A seemingly naive question on continuous functions

Question

This question was motivated by the argument in Possible progress on the Riemann hypothesis? where the Riemann hypothesis is purportedly proved.

The crux of the OP's argument claiming to prove the RH is that, IF $F, G$ are continuous functions and $F(s)=G(s)$ for all $s>a$, then BOTH $F(s), G(s)$ must behave similarly as $s\rightarrow a^+$ ?

It seems to me the above should be obviously true, but since other OP's strongly disagreed on that post, can someone explain why the above is not necessarily true, if at all it is false ?
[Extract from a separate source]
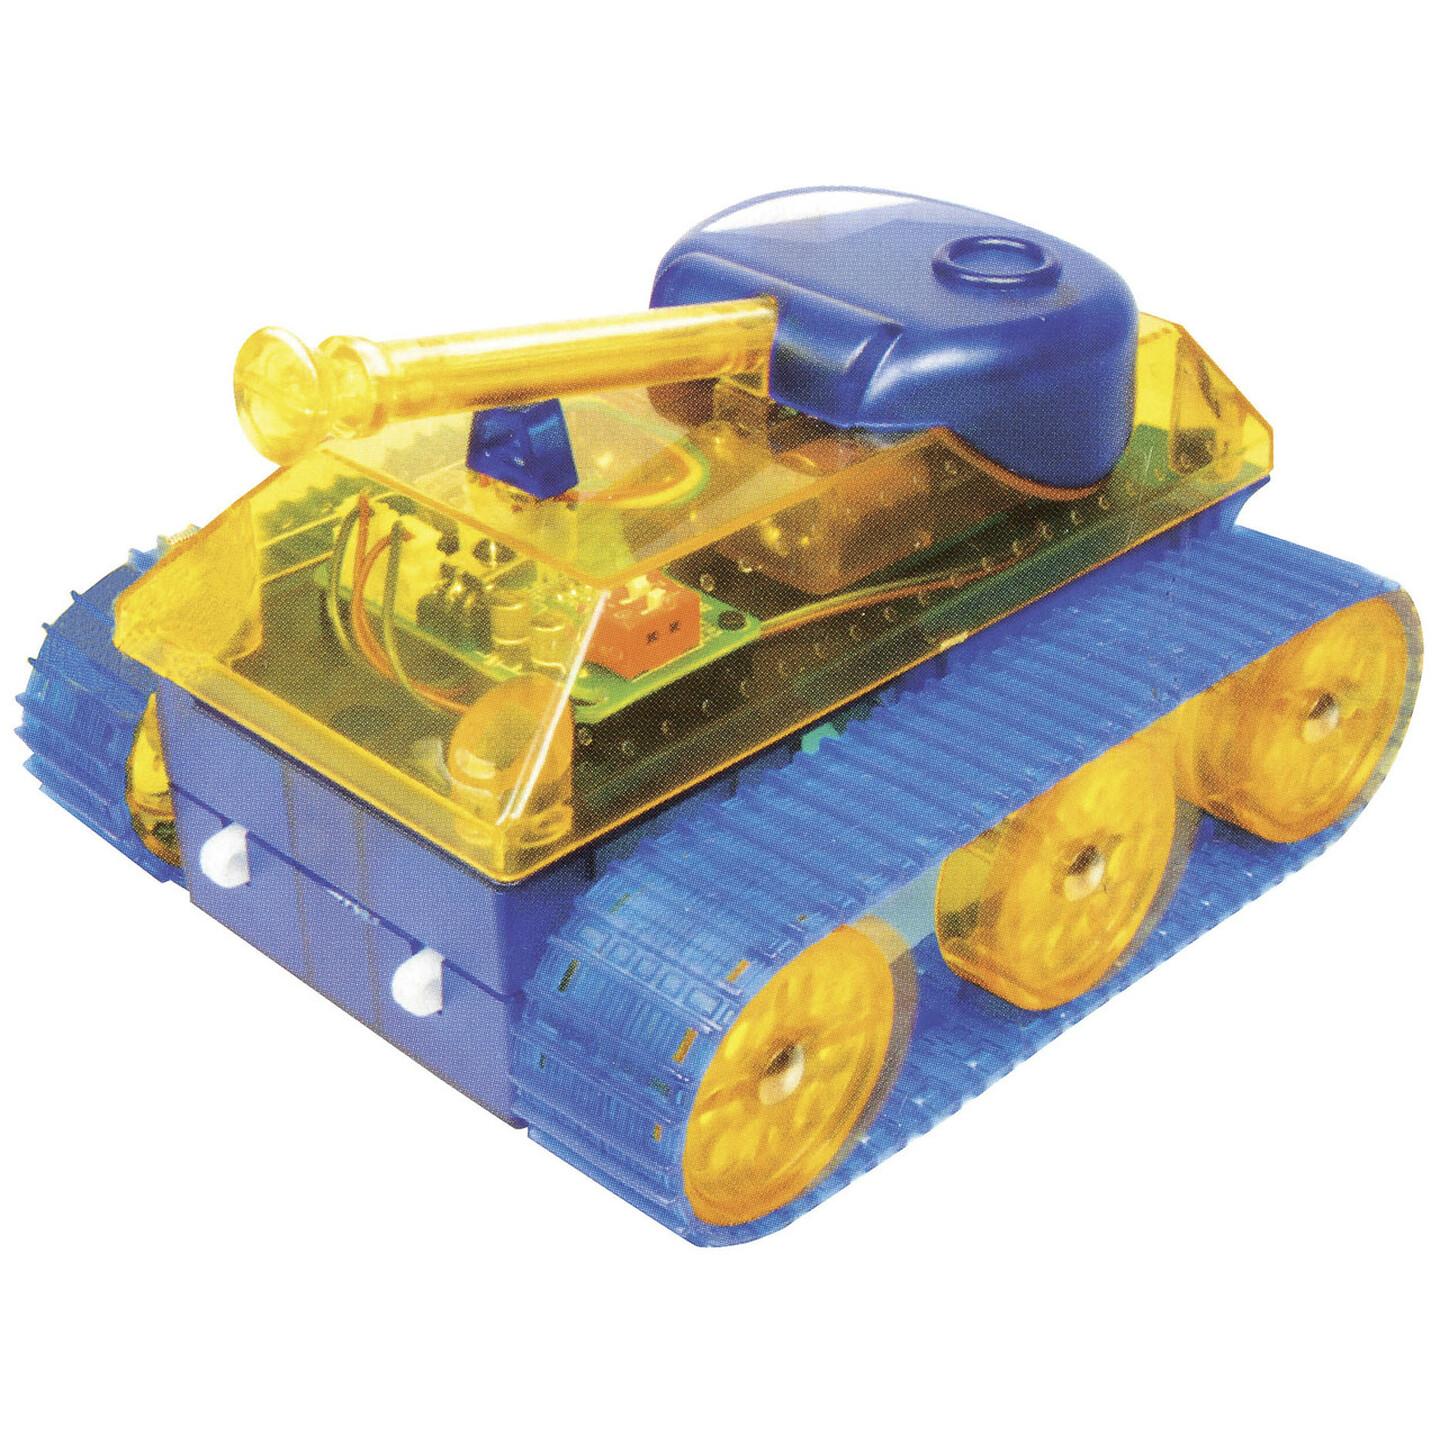 Remote Controlled Tank Kit

Note that though the motivation is the linked post, the present is a genuine question on something that i thought should be obviously true. So this post has really nothing to do with the linked one claiming to prove the RH.

EDIT 1: By ''behave similarly'', i mean if $F(s)$ converges/diverges as $s\rightarrow a^+$, then so must $G(s)$.
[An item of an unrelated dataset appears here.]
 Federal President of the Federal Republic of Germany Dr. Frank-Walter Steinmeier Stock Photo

For example, let $F(s)=\prod_{p}(1-p^{-s})^{-1}$ denote the Euler product over primes $p$. Then we have $F(s)=\sum_{n=1}^{\infty} n^{-s}$ for ALL $s>1$. Since the sum $1+1/2 + 1/3 + \cdots$ diverges, it follows that $F(s)$ must also diverge as $s\rightarrow 1^+$, and this way one can deduce the infinitude of primes.

EDIT 2: Could the downvotes be explained please ?? Because this post clearly doesn't violate any MSE rule(s). Moderators intervene please.

Answer 1

An interpretation of the question in current form, and something lifted from the comments...

If $F,G$ are continuous functions defined on some common open neighbourhood $U=(a,a+C)\subset \mathbb R$ and $F(s) = G(s)$ for all $s>a$, $s\in U$, [...] if $F(s)$ converges or diverges as $s\to a^+$, then so must $G(s)$.

Yes. Afterall, the definition of the limit as $s\to a^+$ depends only on the values of the function on a right neighbourhood of $a$.

AFTER establishing that the domain of the relevant equation on the real axis includes all $s ≥ Θ$ , which allows one to investigate what happens as $s → ( Θ − \epsilon ) ^+$ .

No. Maybe try substituting actual numbers into your argument. Say that a Big Man in The Sky told you that $\Theta=0$. (For instance, you could be studying the function $\sum_{k=0}^\infty (1-s)^n$ and you're delighted to find out that its equal to $\frac{1}{s}$ for every $2>s>0$.)

Now you want to study a limit as $s\to -\epsilon^+$. Maybe $\epsilon=\frac1{100}$. Maybe smaller, it doesn't matter. I invite you to notice that (and if you got this far, you already agreed) the definition of a limit as $s\to (-\frac{1}{100})^+$, depends on the values of the function on a right neighbourhood of $-\frac{1}{100}$. And there is an entire open interval $(-1/100,0)$ between $-1/100$ and $0$...